U.S. Returns Stolen Mesopotamian Artifacts to Iraq
By Larry Fine
NEW YORK (Reuters) - Three 4,000-year-old marble and alabaster seals looted from the Iraq National Museum and seized by U.S. Customs from an American scholar were returned on Tuesday to Iraq's U.N. ambassador.
"At a time when most news broadcast about Iraq is depressing and negative, it is with great pleasure to mark this important, positive achievement," Ambassador Samir Sumaidaie told a news conference at New York's Immigration and Customs Enforcement office.

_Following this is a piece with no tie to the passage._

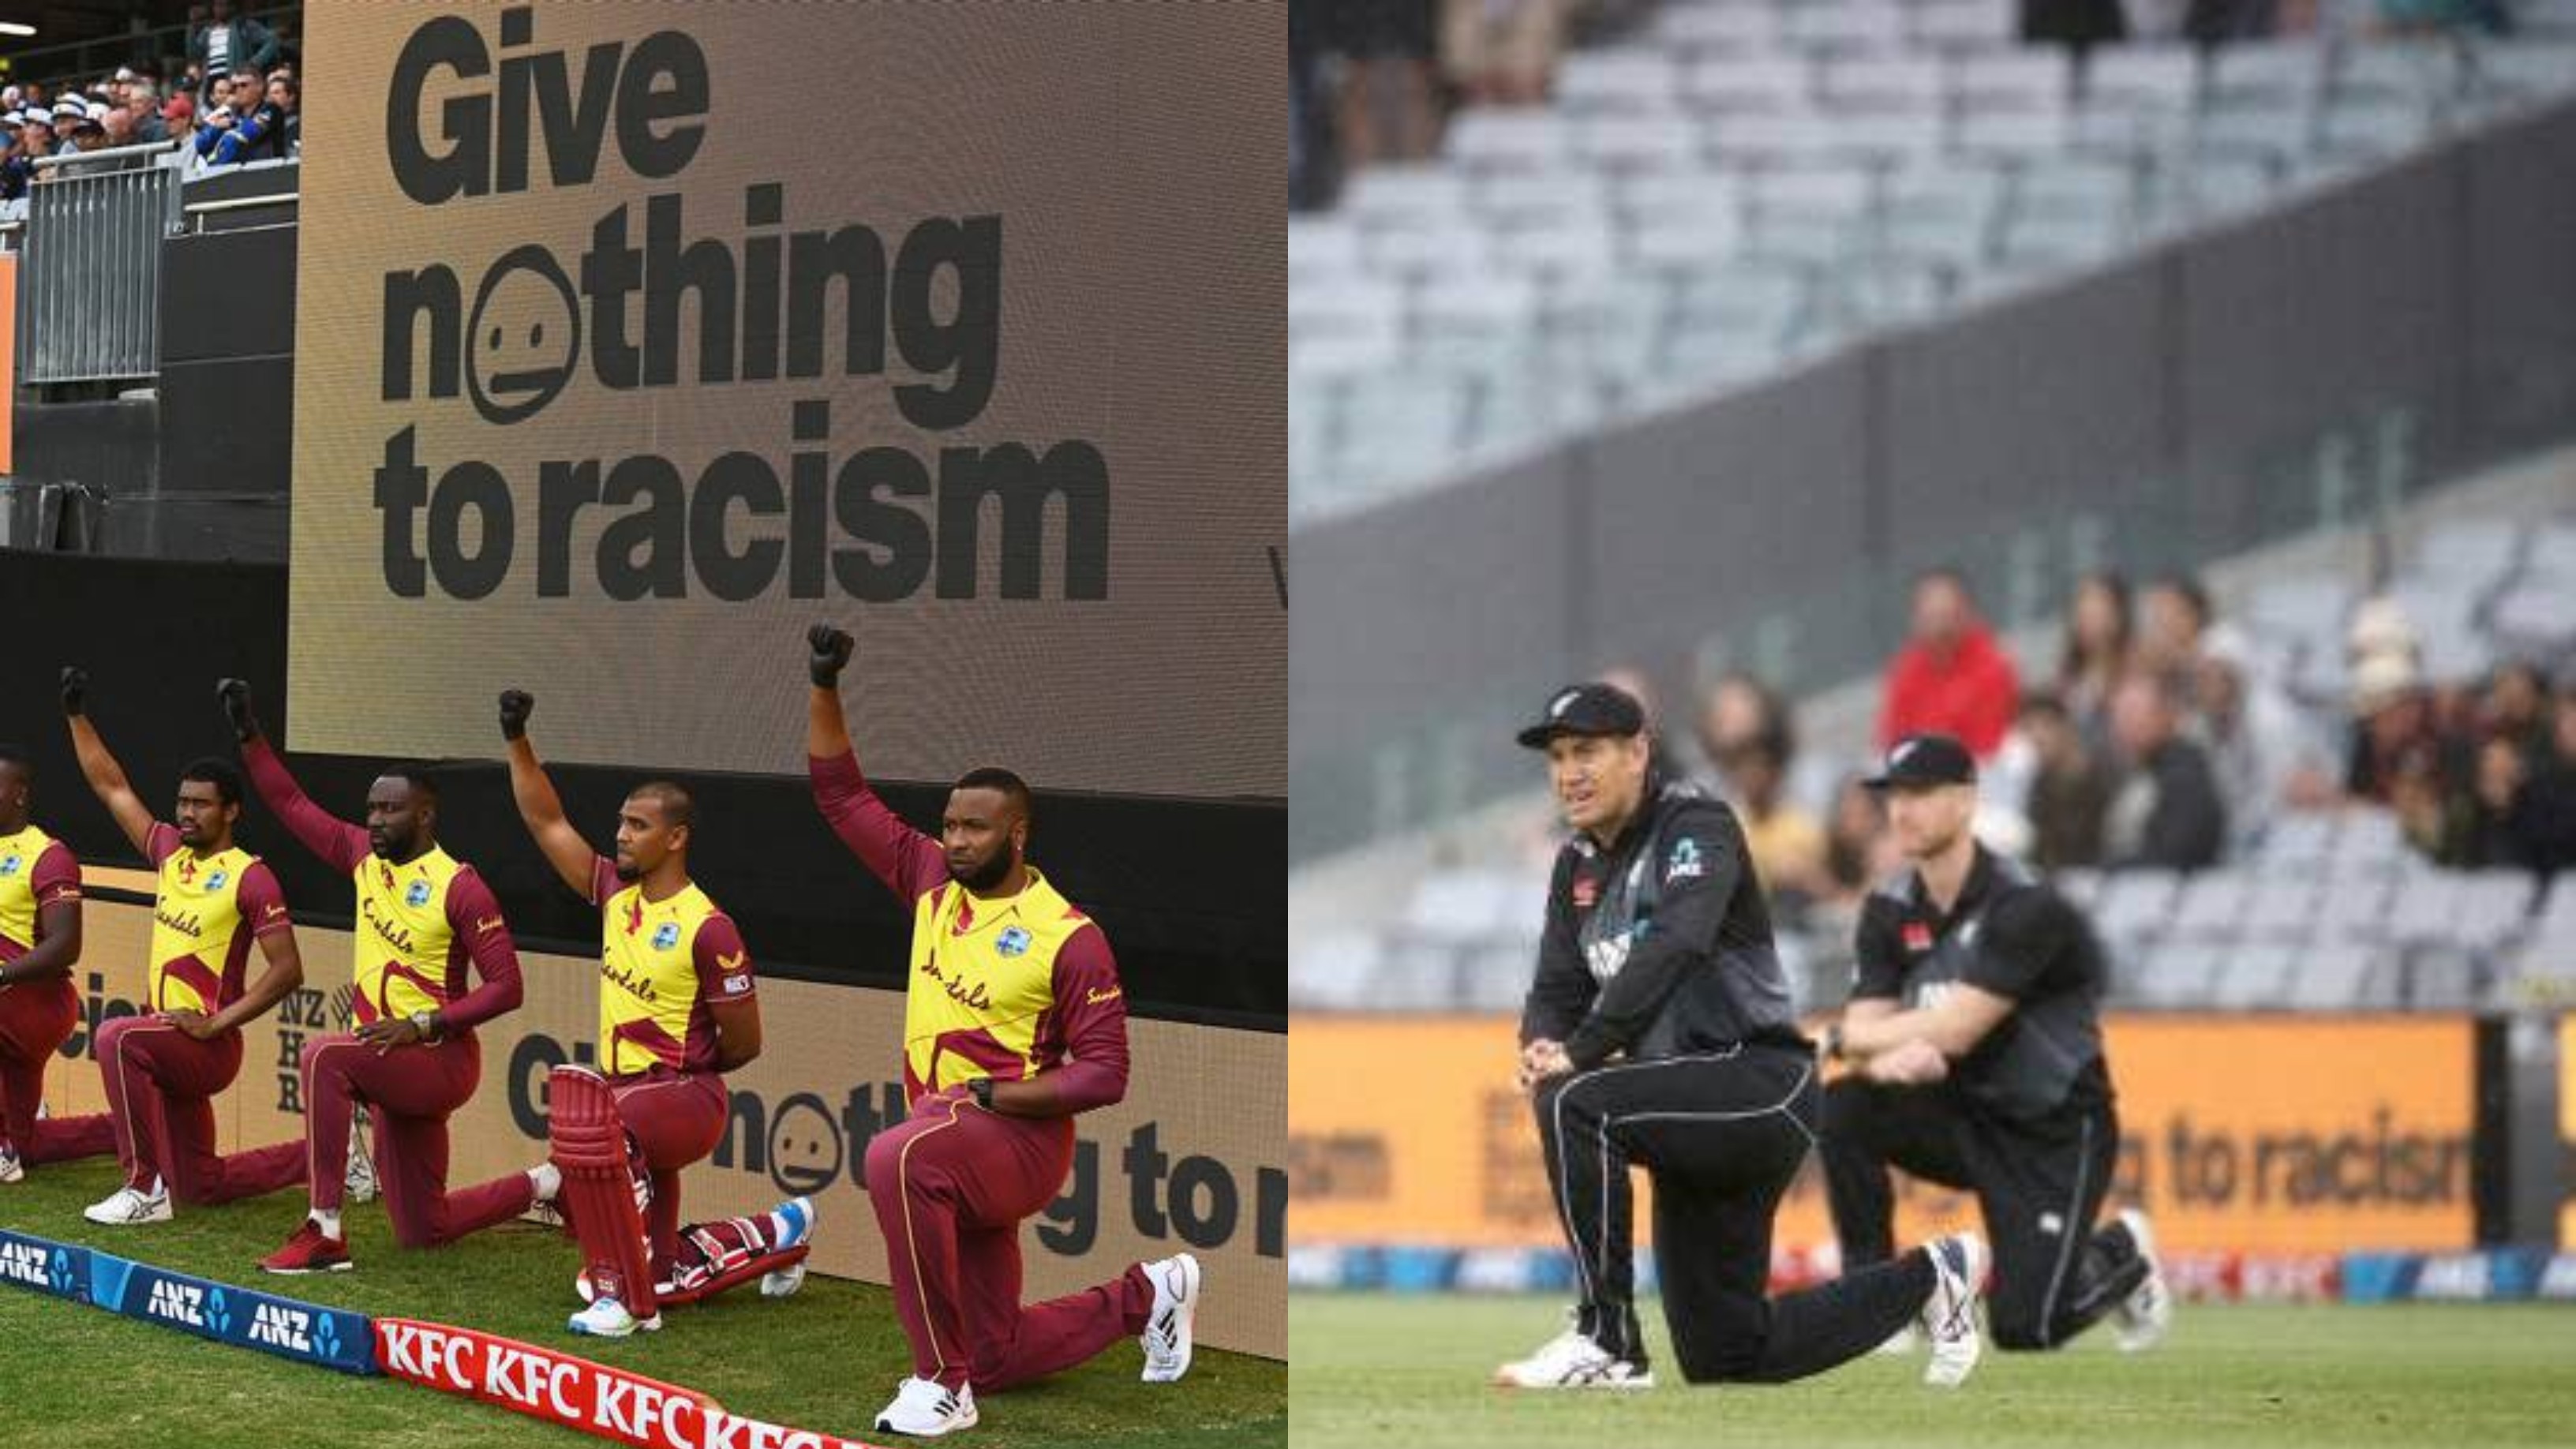 NZ v WI 2020: New Zealand and West Indies players take the knee to support BLM movement

The Iraq Museum, housing more than a quarter of a million pieces, lost 15,000 artifacts to looting following the U.S.-led overthrow of the regime of former President Saddam Hussein (news - web sites) in 2003.

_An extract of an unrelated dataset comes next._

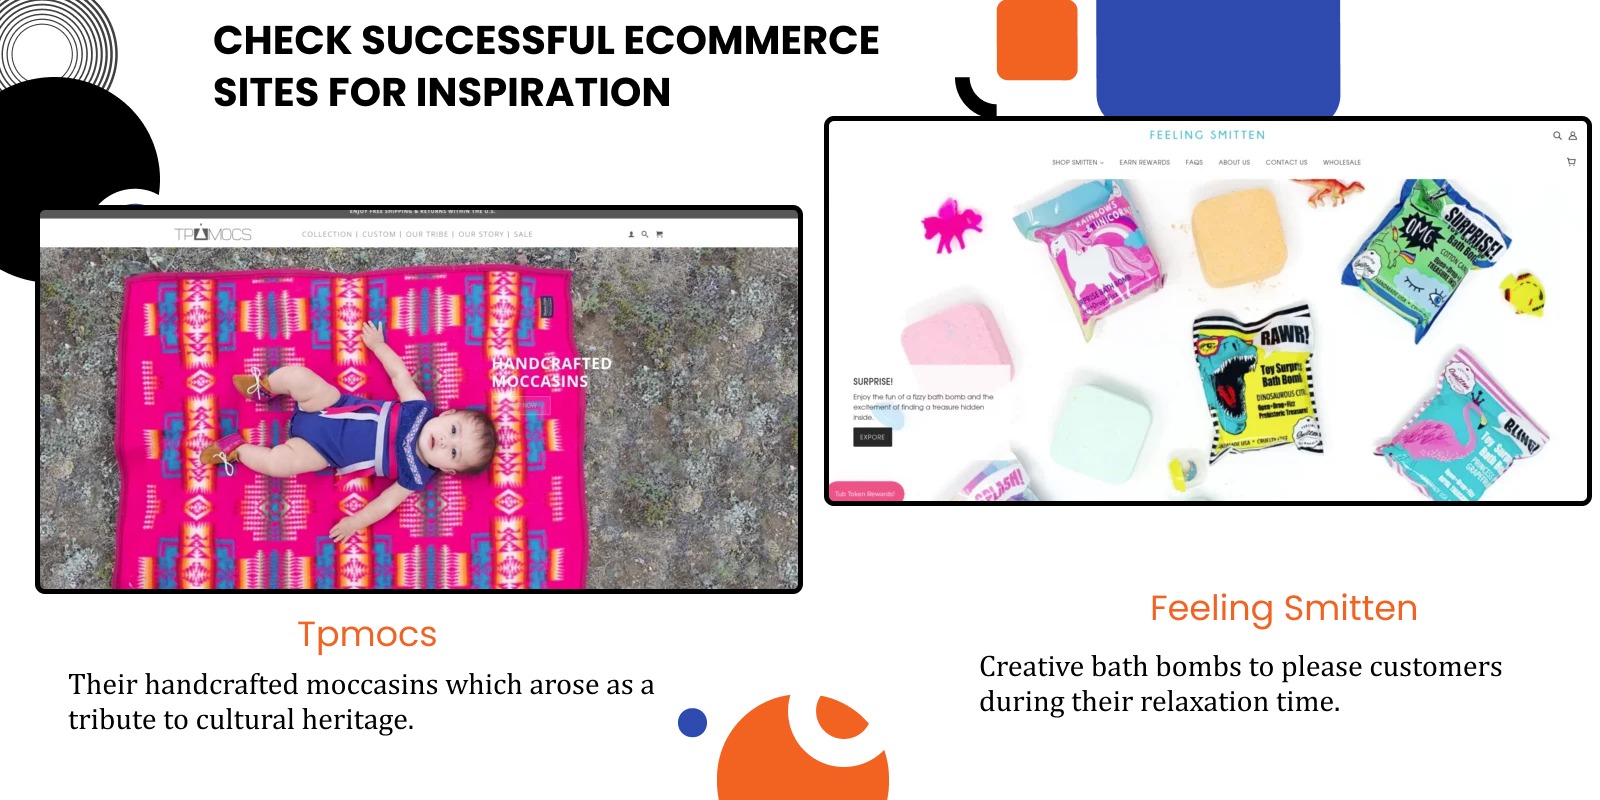 Products to Sell and Successful eCommerce Sites for Inspiration

About half of those artifacts have been retrieved, Sumaidaie said, adding: "We will not rest until they are all returned to their rightful place in Iraq."
The items returned on Tuesday were Mesopotamian cylindrical seals used to authenticate tablets before the use of paper. Each is about 1 inch tall and estimated to date back to between 2340 and 2180 B.C.
They were found by a U.S. customs officer in the suitcase of Yale- and Princeton-educated scholar Joseph Braude at New York's Kennedy Airport in June 2003.